According to the TOF depth data optimization device based on the unsupervised data, provided by the embodiment of the invention, for a fine figure three-dimensional model database, noise distribution of a TOF principle depth camera is simulated by using a mathematical method, a generative confrontation neural network is built by using depth data obtained by rendering, and the optimization quality of a noise-containing depth map is improved; using a character depth picture under a real scene collected by a Microsoft KinectV2 depth camera as input, and outputting a human body mesh model containing geometric details by a network; therefore, only unsupervised three-dimensional scanning data is used, the generative countermeasure network can be used, and the quality of depth data is improved while geometric details are kept.

Furthermore, the terms "first", "second" and "first" are used for descriptive purposes only and are not to be construed as indicating or implying relative importance or implicitly indicating the number of technical features indicated. Thus, a feature defined as "first" or "second" may explicitly or implicitly include at least one such feature. In the description of the present invention, "a plurality" means at least two, e.g., two, three, etc., unless specifically limited otherwise.

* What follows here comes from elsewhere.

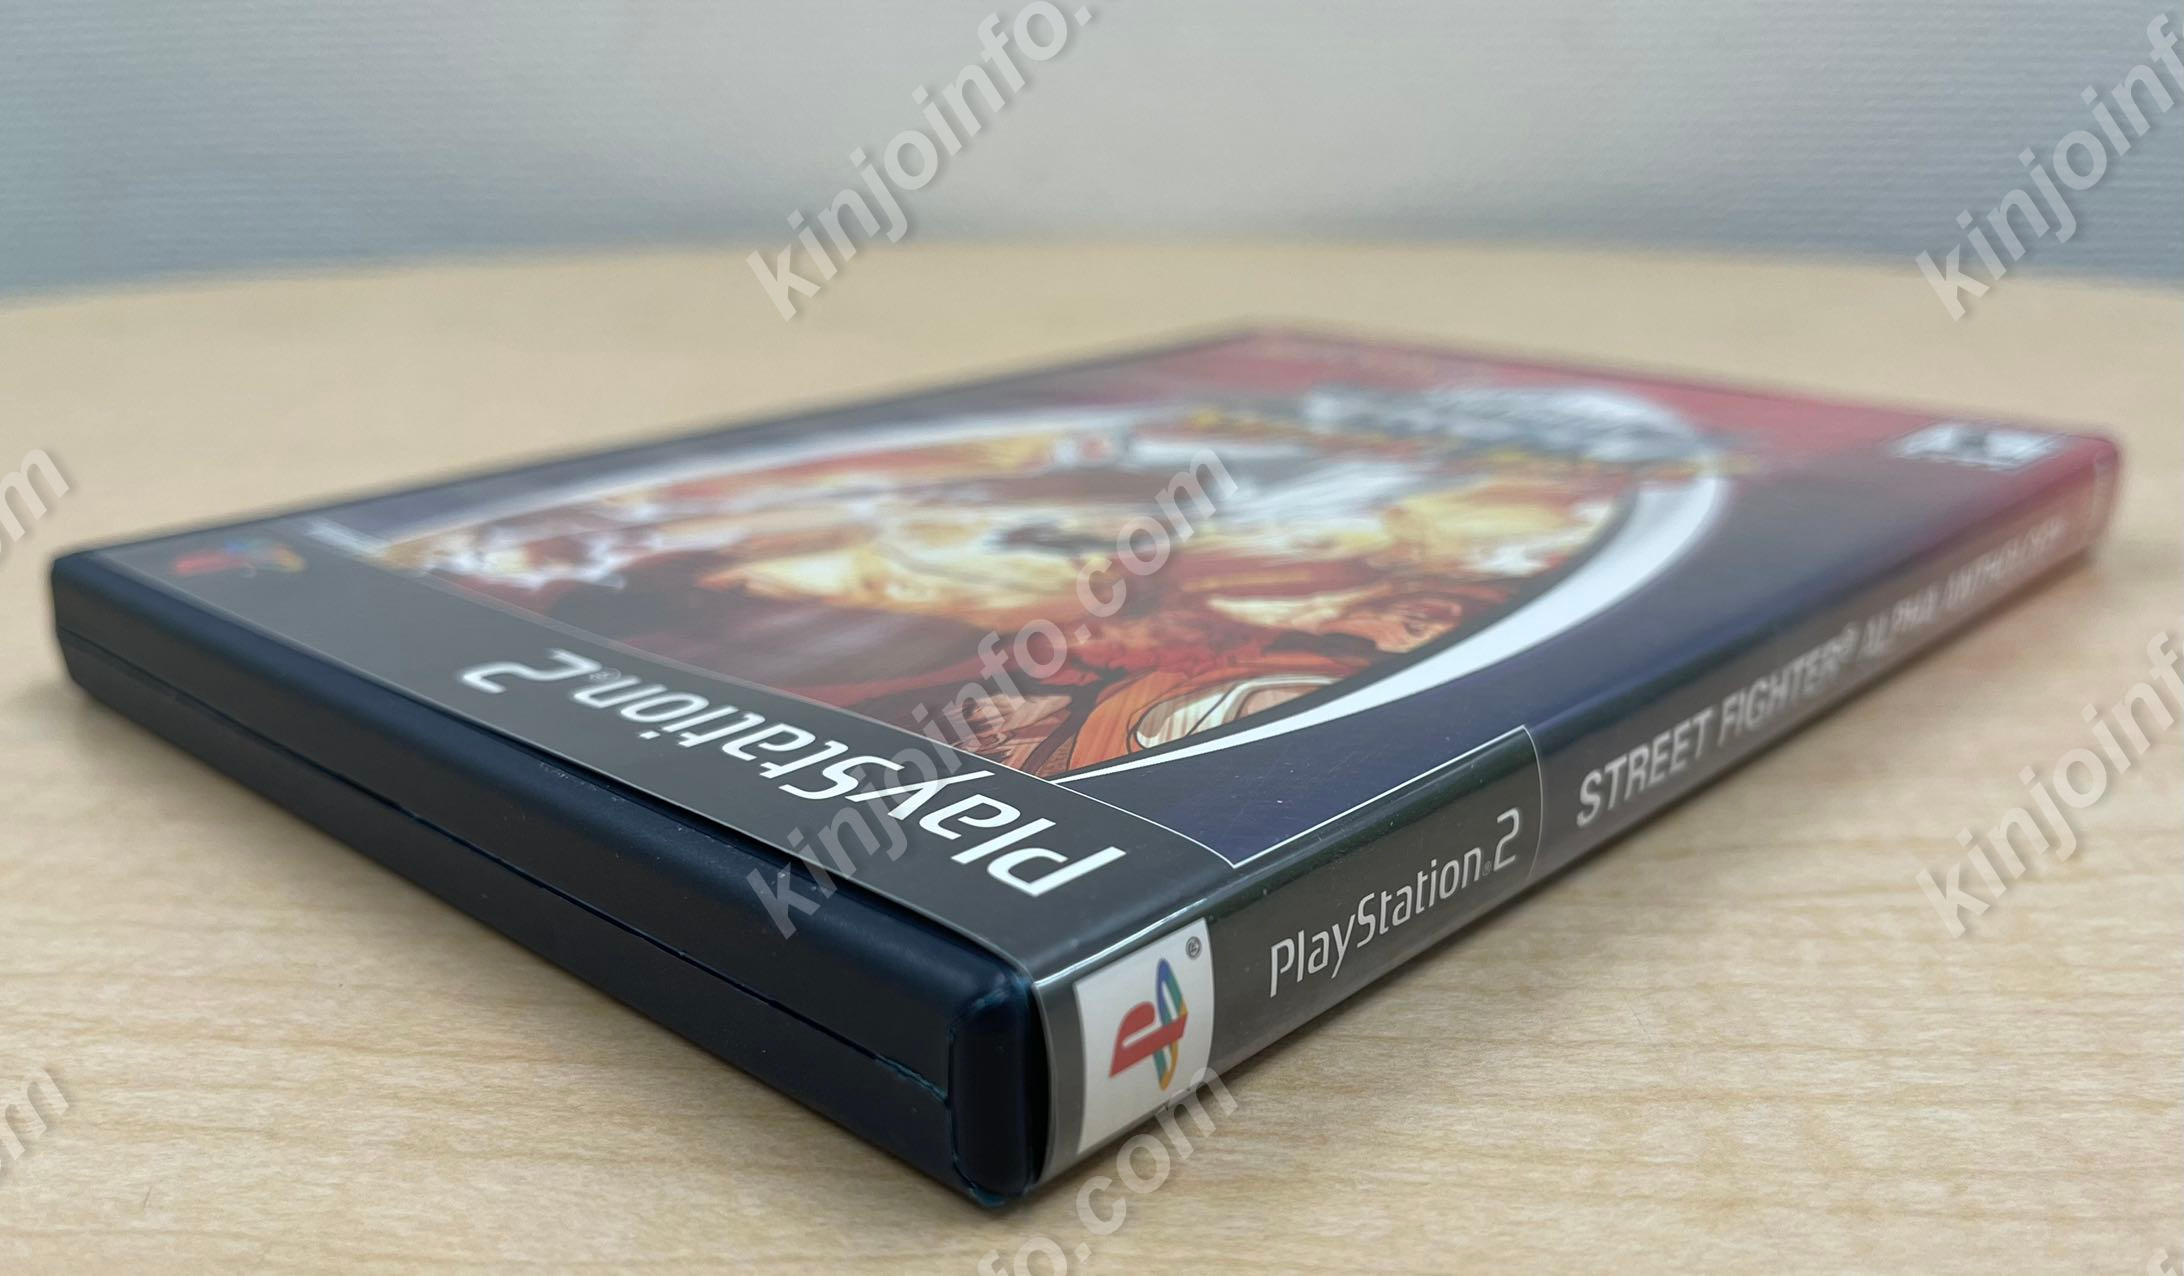 Street Fighter Alpha Anthology（ストリートファイターZERO

In the present invention, unless otherwise expressly stated or limited, the first feature "on" or "under" the second feature may be directly contacting the first and second features or indirectly contacting the first and second features through an intermediate. Also, a first feature "on," "over," and "above" a second feature may be directly or diagonally above the second feature, or may simply indicate that the first feature is at a higher level than the second feature. A first feature being "under," "below," and "beneath" a second feature may be directly under or obliquely under the first feature, or may simply mean that the first feature is at a lesser elevation than the second feature.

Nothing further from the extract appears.